Preferably the re-locking mechanism allows re-engagement of the base surface with the hub surface by virtue of centrifugal force during operation of the propeller after the pitch adjusting mechanism has adjusted the pitch of the propeller blades.
Preferably the common locking and unlocking mechanism comprise a stem forming part of each base, a respective eccentric coupled to each stem, a respective pin mounted to each eccentric, a push rod for moving the pins to in turn rotate the eccentrics so that the eccentrics push the stems, and therefore the bases, radially inwardly with respect to the hub to unlock the base by removing load from the hub surface and base surface, and after the pitch of the propeller blades have been adjusted, re-applies the load to the surfaces to re-engage the respective base surface of the bases with the respective hub surfaces of the openings to re-lock the bases and therefore the propeller blades in the pitch adjusted position.
Preferably the mechanical unlocking mechanism disengages the respective base surface from the respective hub surface by transferring load from the base surface and hub surface to thereby allow the hub surface and base surface to move relative to one another.
Preferably the propeller base comprises a stem of the propeller blade and a base ring located on the stem, the base ring having the base surface.
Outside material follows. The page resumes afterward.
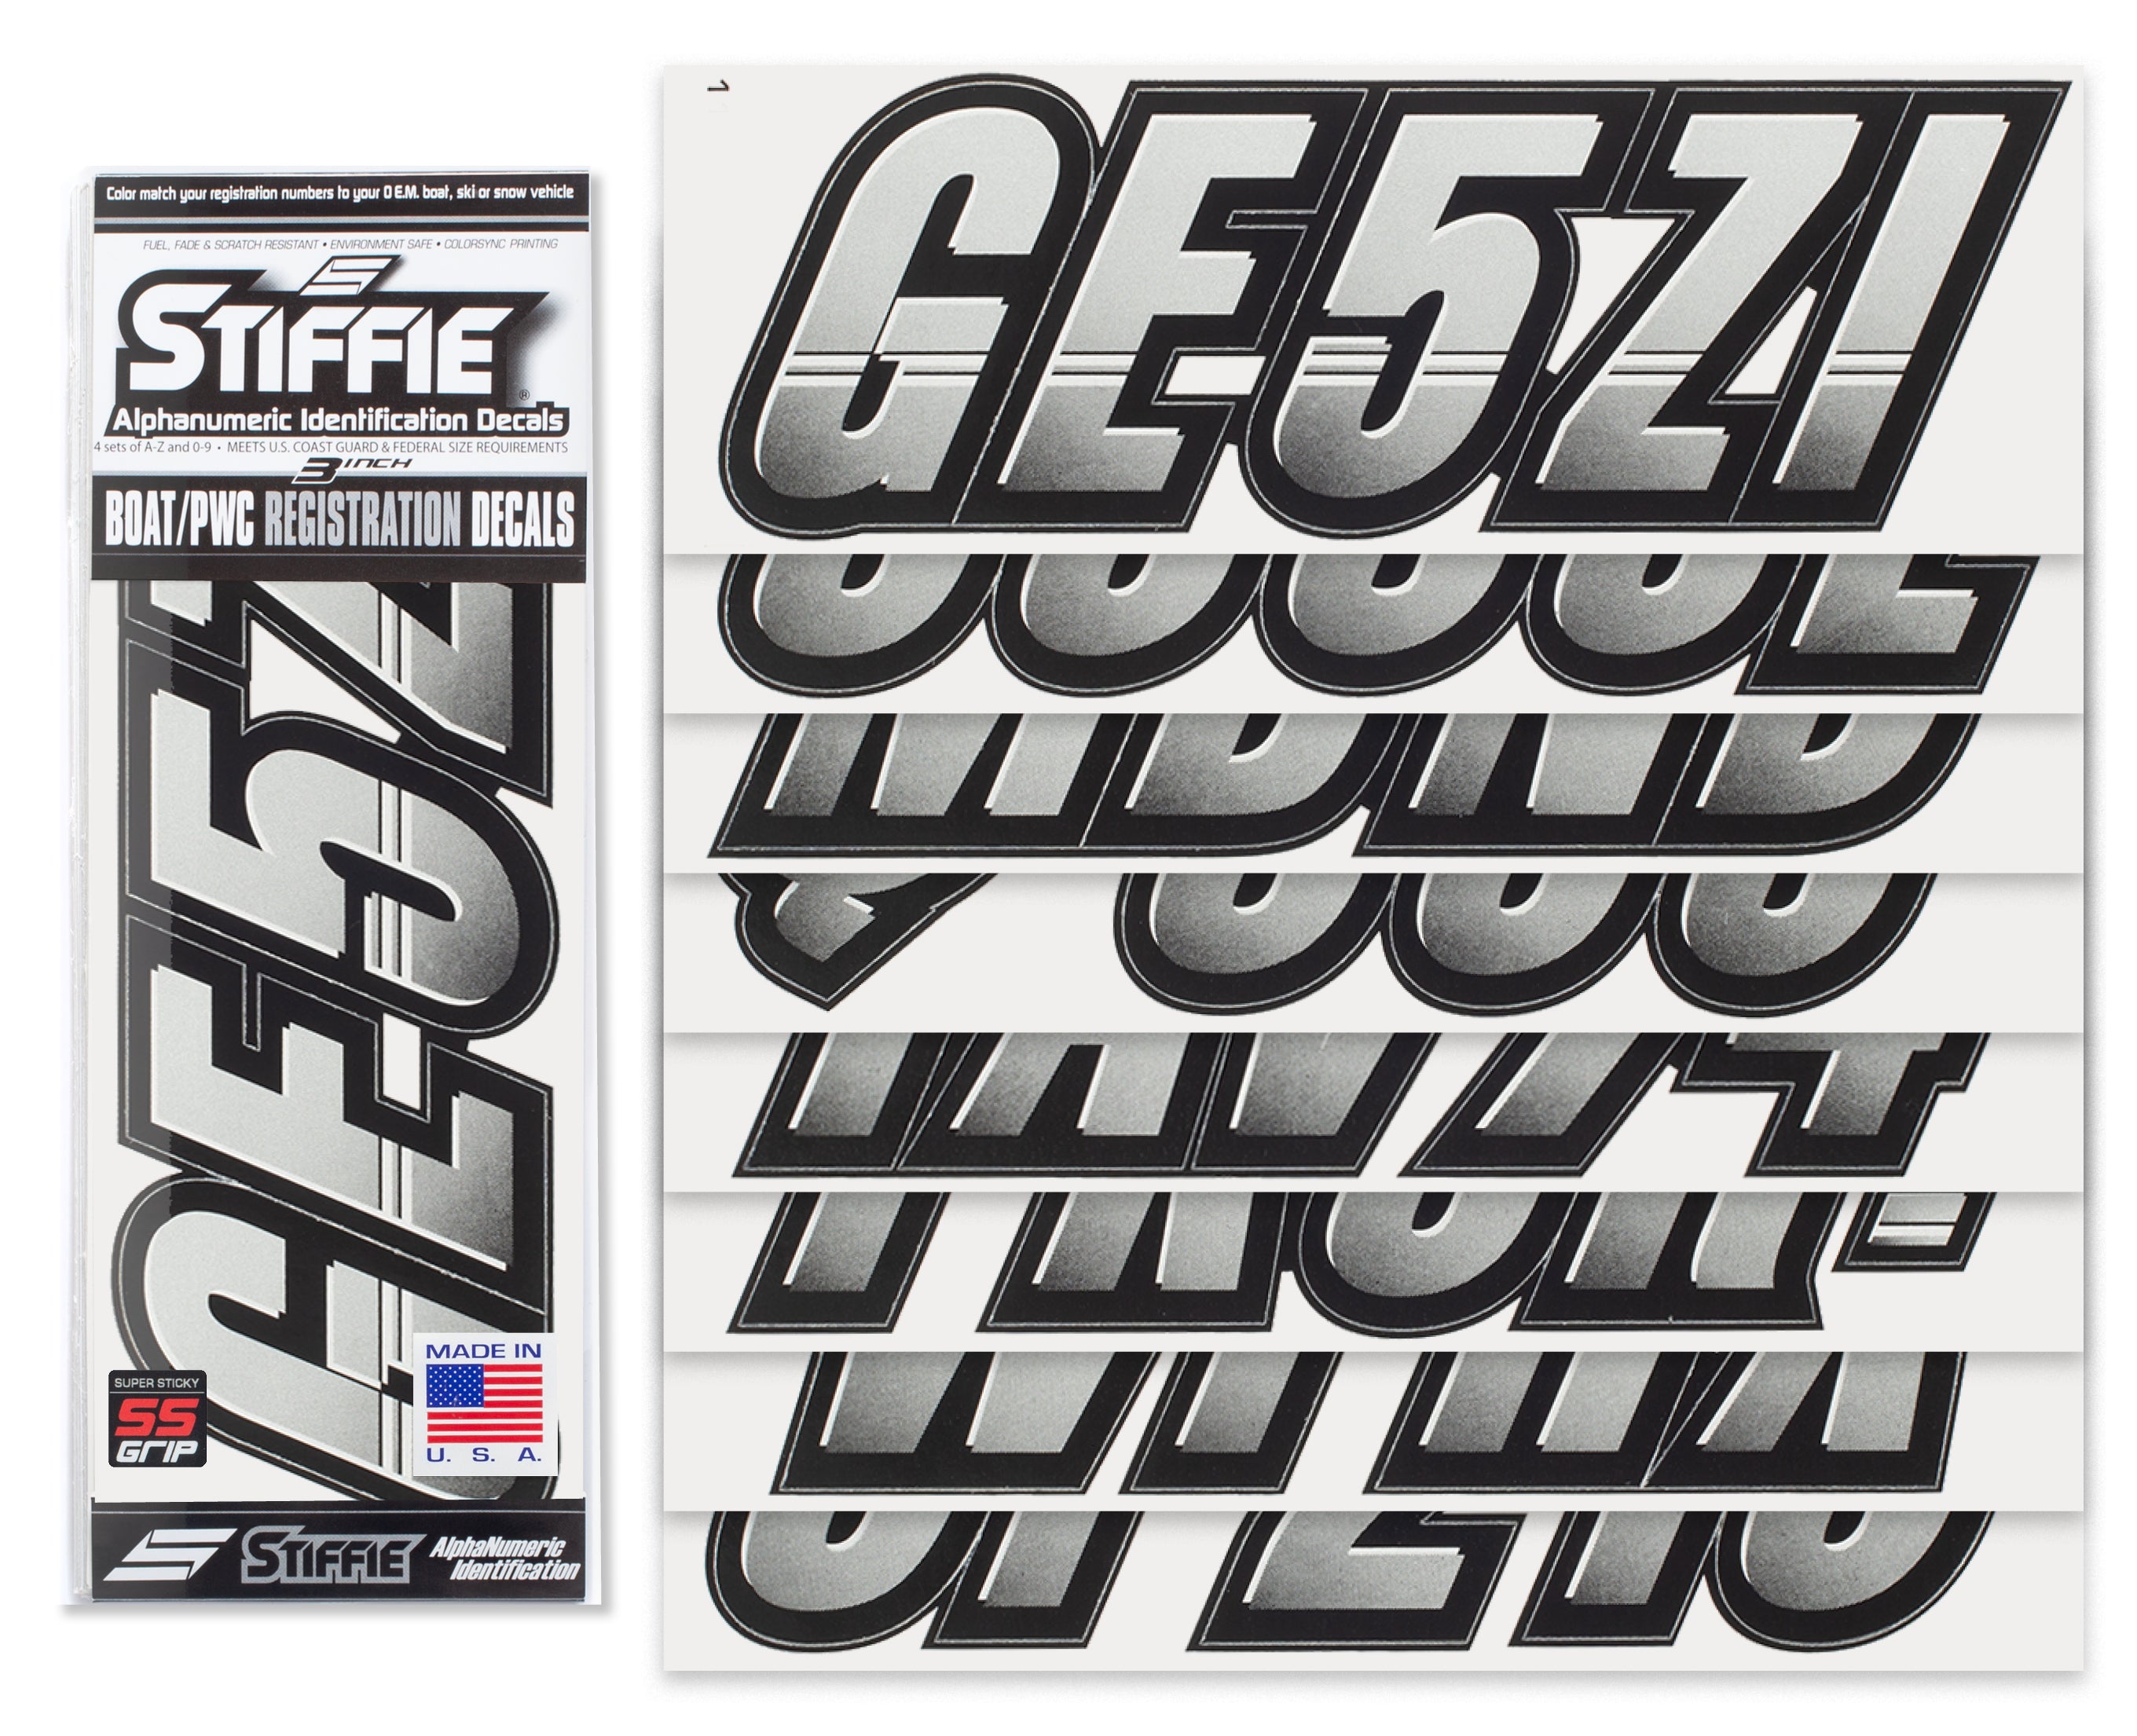 Techtron Silver/Black Super Sticky 3" Alpha Numeric Registration Identification Numbers Stickers Decals for Sea-Doo Spark, Inflatable Boats, Ribs, Hypalon/PVC, PWC and Boats.

Preferably the hub surface is formed on a hub ring which defines a part of a respective opening and which receives the base surface.
Preferably the base surface and hub surface are inclined surfaces which taper inwardly from a radially outermost edge of the surface to a radially most inner edge of the surfaces.
Preferably the unlocking mechanism comprises an eccentric, a slide ring having a slide surface mounted on the eccentric, the slide ring being arranged radially inwardly of the respective hub surface and base surface and located in a shoulder in the base ring so that when the eccentric is rotated, load is transferred from the respective hub surface and base surface to the hub ring and slide surface so the respective propeller blades can be adjusted after the transfer of load with the hub ring sliding on the slide surface.
Preferably the eccentric is coupled to a pin for firstly rotating the eccentric about a first axis to transfer the load and then rotating the eccentric about a second axis transverse to the first axis to rotate the respective propeller blade to adjust the pitch of the propeller blade.
Preferably the hub surface and the base surface are inclined cone-shaped surfaces.
Preferably the push rod is coupled to a claw which has a respective finger for each of the propeller blades, each finger being mounted to a respective pin by a socket and eye joint.
Preferably the fingers are pivotally coupled to the arms for pivotal movement relative to the arms.
The invention also provides a variable pitch propeller for a marine propulsion system, comprising:
    • a propeller hub having a plurality of openings, and a hub surface surrounding each opening;
    • a propeller blade having a propeller base mounted in each of the openings, each base having a base surface for engaging the hub surface of the respective opening;
    • a pitch adjusting mechanism for adjusting the pitch of each of the propeller blades about an axis perpendicular to a rotation axis of the hub, the mechanism including a plurality of generally radially extending arms, each arm carrying a finger, a pivotal coupling between the finger and the respective radially extending arm for allowing pivotal movement of the fingers with respect to the arms; and
    • the arms being coupled to the propeller blades so that upon longitudinal movement of the arms in the direction of the axis of rotation of the hub, the pitch of the propeller blades is adjusted.
By making the arms pivotally connected to the fingers, the transfer of motion from the arms to the fingers and then to adjust the pitch of the propeller blades is smoother and involves no sliding action of the end of the fingers remote from the pivotal coupling, thereby providing more reliable pitch adjustment.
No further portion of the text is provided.